Jennings afferra la palla con due mani e se la porta al petto, ma non ne ha il possesso fino a quando non atterrerà al suolo. Scolasticamente si insegna agli arbitri che per avere il possesso il giocatore “deve essere in grado di porgerti il pallone” ovvero di disporre dello stesso. Si assume che, fino a quando il giocatore non sia con i piedi o con il corpo a terra ciò non sia possibile.
Passaggio successivo: quando a sua volta Tate, l’attaccante, mette dunque le mani sul pallone, avendo per altro già due piedi ben piantati, prima o dopo l’acquisizione del possesso da parte di Jennings?
Il “judgement” sulla chiamata sta tutto in questa ricostruzione sequenziale e difficilmente, molto difficilmente, anche i sostenitori della tesi dell’intercetto saranno mai in grado guardando e riguardando il replay di accertarsi che Tate “contenda” il pallone solo dopo che Jenning ne ha acquisito il possesso. Evidentemente non è chiaro a nessuno e non può esserlo per ovvie ragioni di buon senso.

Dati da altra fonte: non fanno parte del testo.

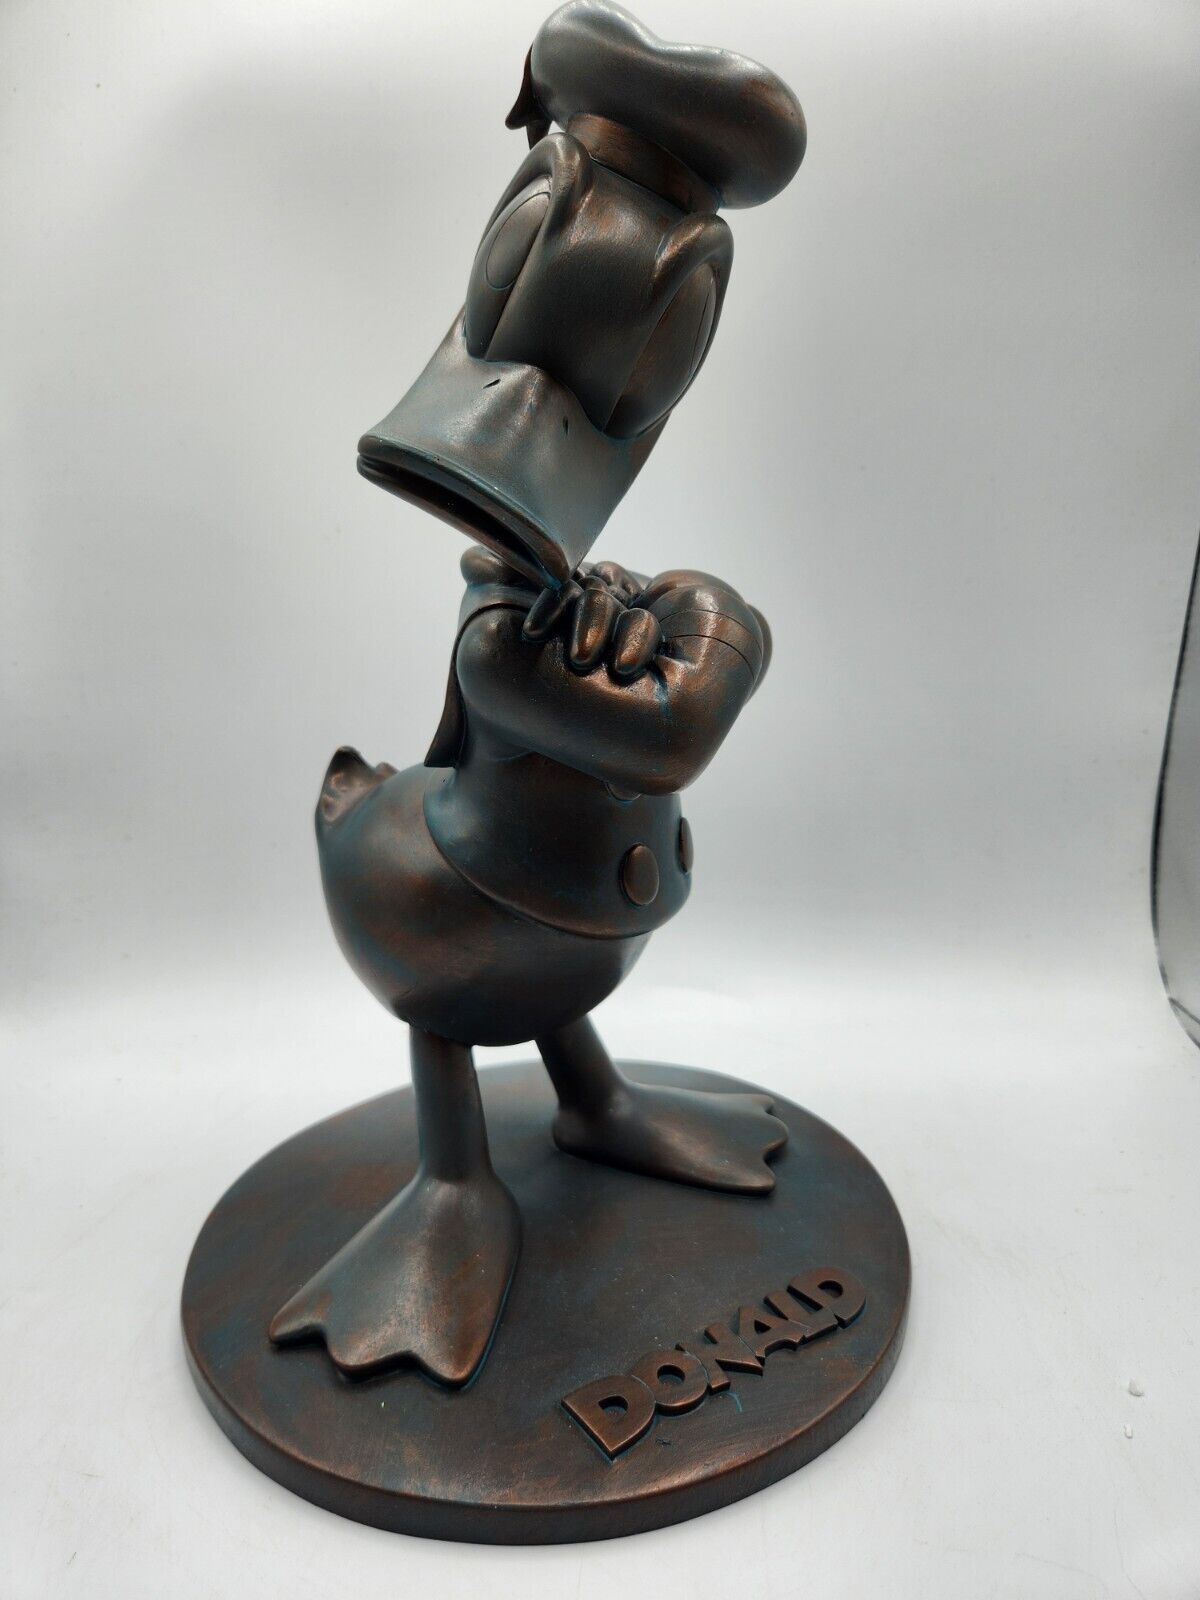 Rare Disney Parks Epcot 2012 Festival FG12 Donald Garden Resin Figurine - New

Quasi superfluo smentire tesi suggestive secondo le quali “nel processo di ricezione” Jennings avrebbe acquisito già il controllo del pallone quando era staccato da terra. Basti ricordare ai meno esperti che in caso di un contatto in volo con palla uscita dalle braccia del giocatore in ricezione, la chiamata è sempre un incompleto (situazione definita in gergo arbitrale “bang-bang”) e non sicuramente un fumble.
Ricordiamoci anche che in fase di review per annullare il touchdown e concedere l’intercetto il booth avrebbe dovuto ottenere dalla visione dei filmati la prova incontrovertibile che Jennings avesse acquisito il possesso prima che anche Tate mettesse le mani sul pallone per contenderlo. Questa incontrovertibilità, evidentemente, non c’è. Dunque la chiamata in campo è stata di touchdown e il review l’ha confermata.
Proviamo allora a immaginare uno scenario alternativo, immaginiamo che in campo fosse stato battezzato l’intercetto. Quale sarebbe stato l’esito nel booth? Una reverse call per concedere il touchdown? Probabilmente no. E’ infatti ragionevole pensare che anche in questo caso il booth non avrebbe riscontrato l’evidenza incontrovertibile per ribaltare la chiamata del campo e, soprattutto, il “judgement” espresso in campo. Allargando l’orizzonte la conclusione di questo episodio, e più in generale, l’esperienza deludente delle prime tre giornate di regular season arbitrate dai sostituti è che la centralità dell’arbitro in campo non può in alcun modo essere soppiantata. La tecnologia dell’instant replay si conferma un buono ed efficace aiuto nella stragrande maggioranza di situazioni nelle quali se ne fa ricorso, ma non può per definizione venire a capo di tutto e, cosa più importante, non può sopperire in maniera esaustiva a insufficienze tecniche del campo.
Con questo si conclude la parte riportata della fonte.